Recorded information:
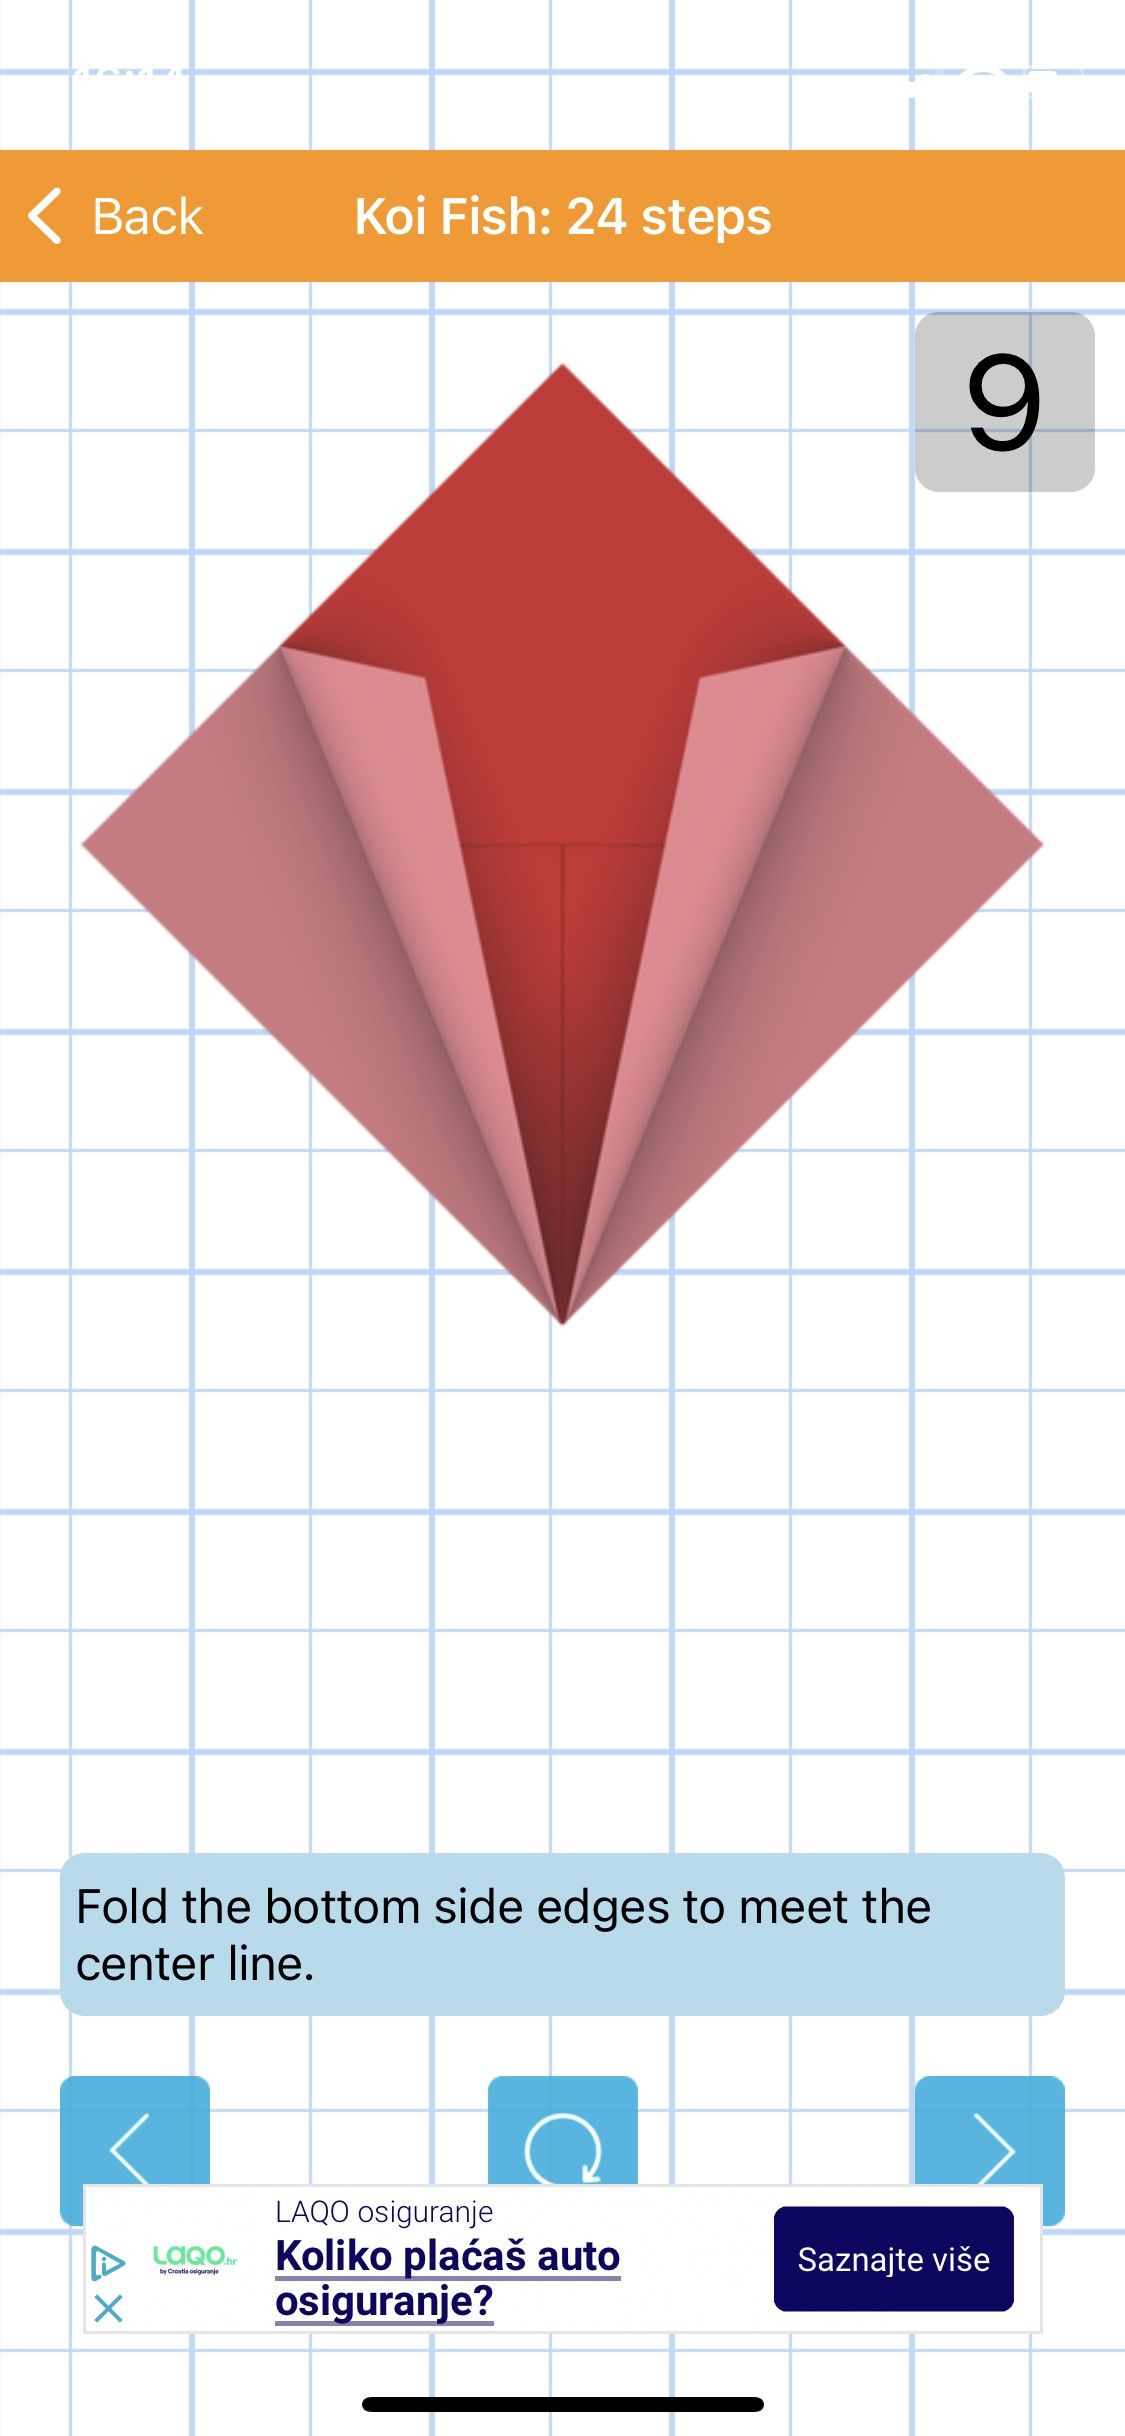 How to Make Origami app - screenshot of instructions
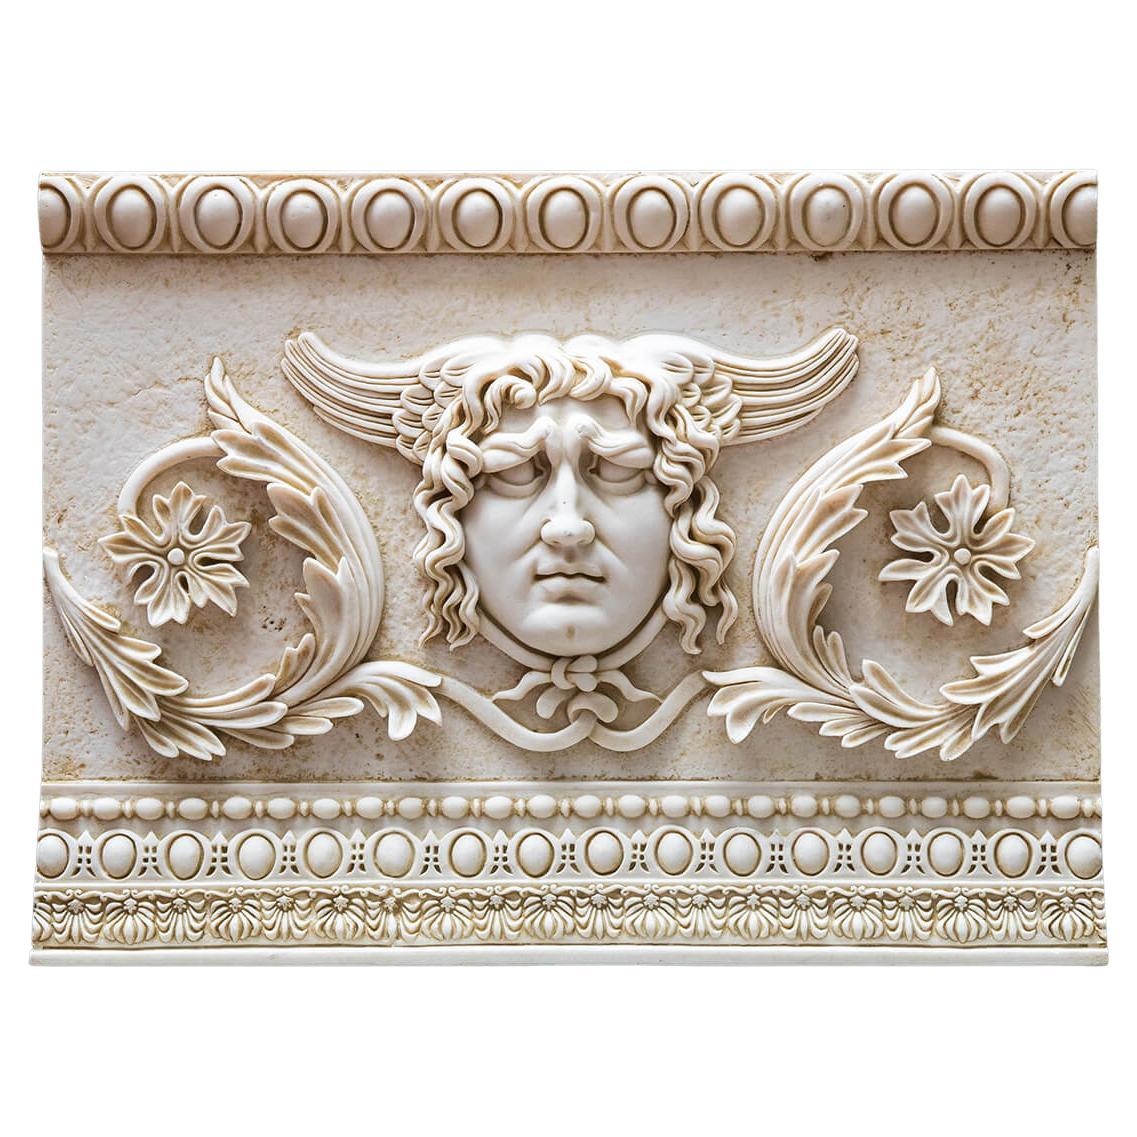 Medusa Relief Made with Compressed Marble Powder
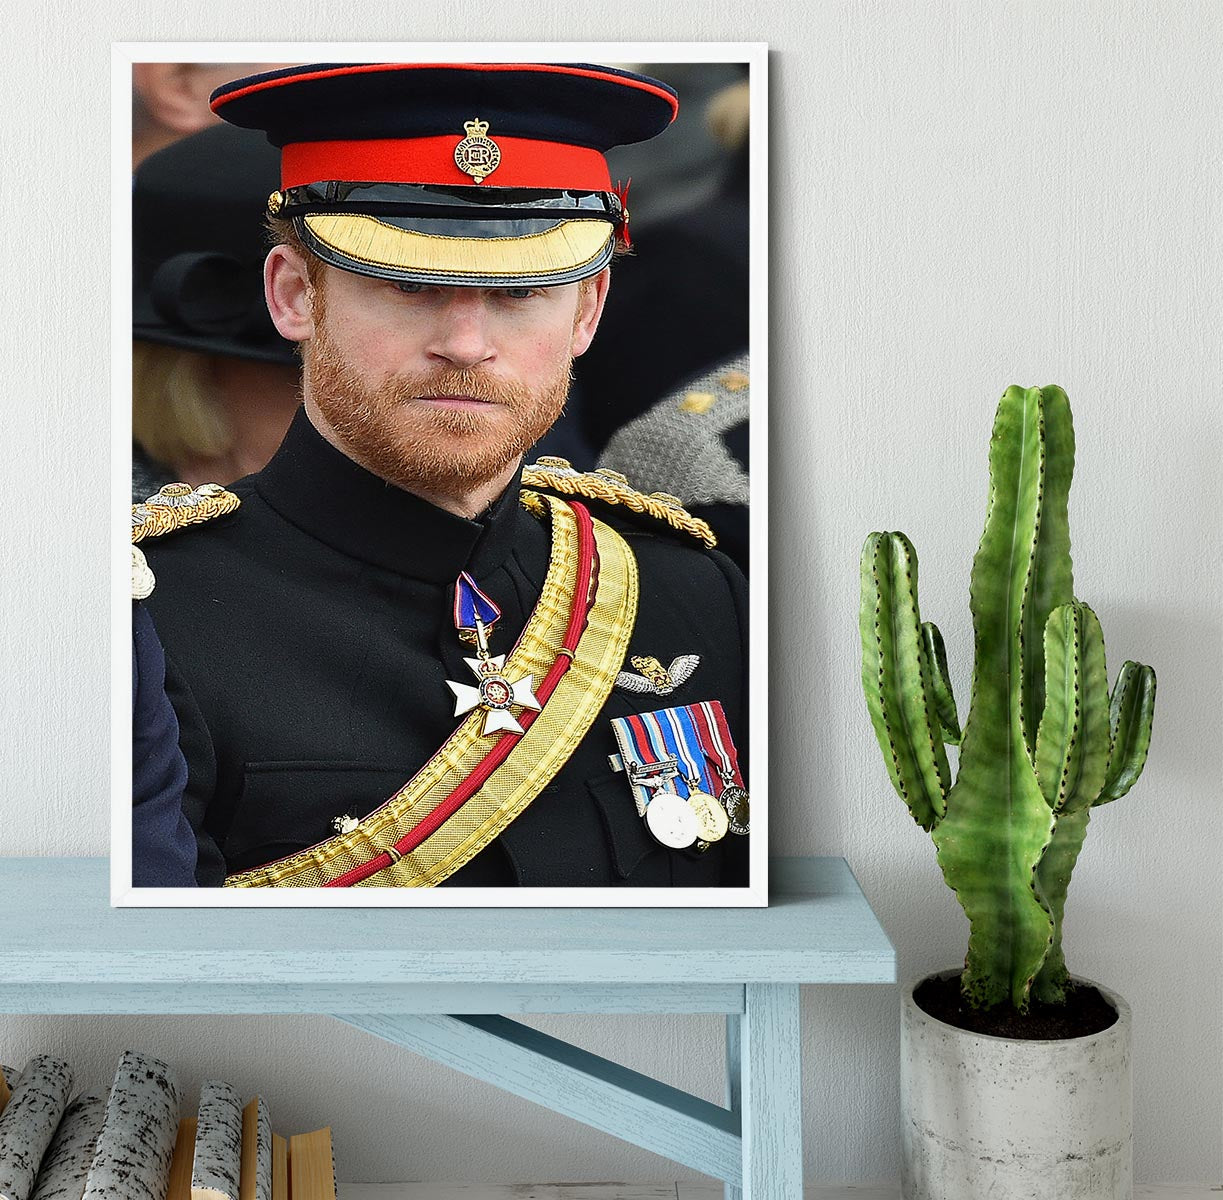 Prince Harry in uniform during ceremonies in Staffordshire Framed Print - Canvas Art Rocks -6

Task details: Nothing but the pictures is to be left out; the rest of the listing should be copied exactly.

Answer box:
 How to Make Origami app - screenshot of instructions
 Medusa Relief Made with Compressed Marble Powder
 Prince Harry in uniform during ceremonies in Staffordshire Framed Print - Canvas Art Rocks -6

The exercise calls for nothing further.